Your application works in dev. Now you need to know when it doesn’t work in production — health checks, metrics, and distributed tracing. Spring Boot 4 ships with Actuator for health/metrics and a first-class OpenTelemetry starter for tracing.

Dependencies

dependencies {
  implementation("org.springframework.boot:spring-boot-starter-web")
  implementation("org.springframework.boot:spring-boot-starter-actuator")
  implementation("org.springframework.boot:spring-boot-starter-opentelemetry")
  implementation("io.micrometer:micrometer-registry-prometheus")
  implementation("io.opentelemetry:opentelemetry-exporter-otlp")
}

Spring Boot 4 includes spring-boot-starter-opentelemetry — no more manual OpenTelemetry SDK configuration.

Actuator basics

Configuration

management:
  endpoints:
    web:
      exposure:
        include: health, info, metrics, prometheus
  endpoint:
    health:
      show-details: when-authorized
      show-components: when-authorized
  info:
    env:
      enabled: true

info:
  app:
    name: my-app
    version: 1.0.0
    description: Product catalog service

Available endpoints

EndpointURLPurpose
health/actuator/healthApplication health status
info/actuator/infoApplication metadata
metrics/actuator/metricsMicrometer metrics
prometheus/actuator/prometheusPrometheus-format metrics

Don’t expose all endpoints in production.
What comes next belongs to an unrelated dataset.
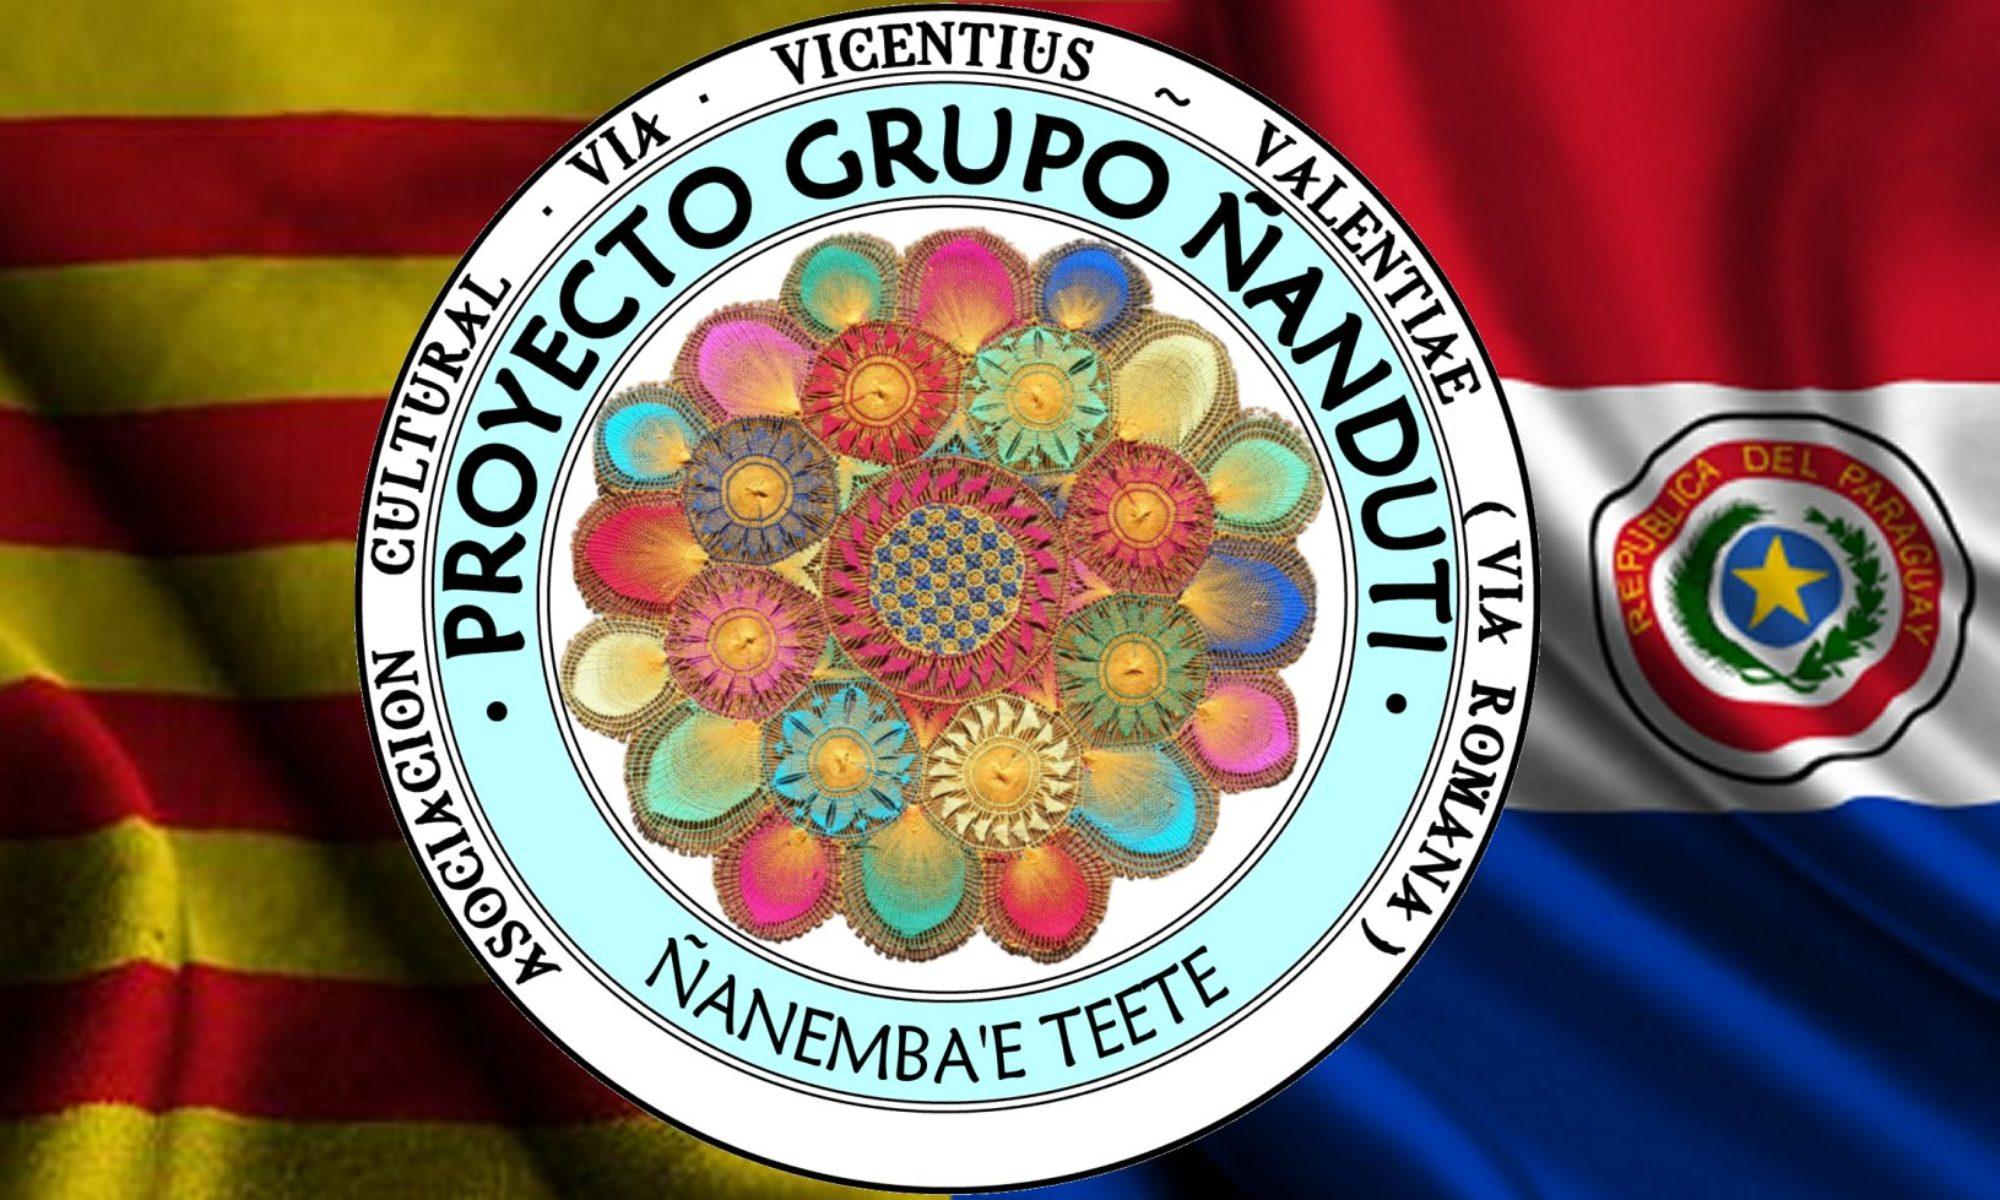 Proyecto Grupo Ñandutí - Ñanemba'é Teet'é

Only expose what your monitoring system needs.

Securing actuator endpoints

@Bean
fun securityFilterChain(http: HttpSecurity): SecurityFilterChain {
  return http
    .authorizeHttpRequests { auth ->
      auth
        .requestMatchers("/actuator/health").permitAll()
        .requestMatchers("/actuator/prometheus").permitAll()
        .requestMatchers("/actuator/**").hasRole("ADMIN")
        .requestMatchers("/api/**").authenticated()
        .anyRequest().denyAll()
    }
    // ... rest of config
    .build()
}

Health and Prometheus endpoints are public (load balancers and Prometheus need to reach them). Everything else requires admin access.

Health checks

Default health indicators

Spring Boot auto-configures health indicators for:

  • Database connectivity (DataSource)
  • Disk space
  • Kafka broker connectivity
  • Redis connectivity
  • And many more
GET /actuator/health

{
  "status": "UP",
  "components": {
    "db": { "status": "UP" },
    "diskSpace": { "status": "UP" },
    "kafka": { "status": "UP" }
  }
}

Custom health indicator

package com.example.demo.health

import org.springframework.boot.actuate.health.Health
import org.springframework.boot.actuate.health.HealthIndicator
import org.springframework.stereotype.Component
import org.springframework.web.client.RestClient

@Component
class PaymentGatewayHealthIndicator(
  private val restClient: RestClient
) : HealthIndicator {

  override fun health(): Health {
    return try {
      val response = restClient.get()
        .uri("https://payments.example.com/health")
        .retrieve()
        .toBodilessEntity()

      if (response.statusCode.is2xxSuccessful) {
        Health.up()
          .withDetail("gateway", "payments.example.com")
          .build()
      } else {
        Health.down()
          .withDetail("gateway", "payments.example.com")
          .withDetail("status", response.statusCode.value())
          .build()
      }
    } catch (e: Exception) {
      Health.down(e)
        .withDetail("gateway", "payments.example.com")
        .build()
    }
  }
}

This appears as paymentGateway in the health response (Spring strips the HealthIndicator suffix and camelCases the name).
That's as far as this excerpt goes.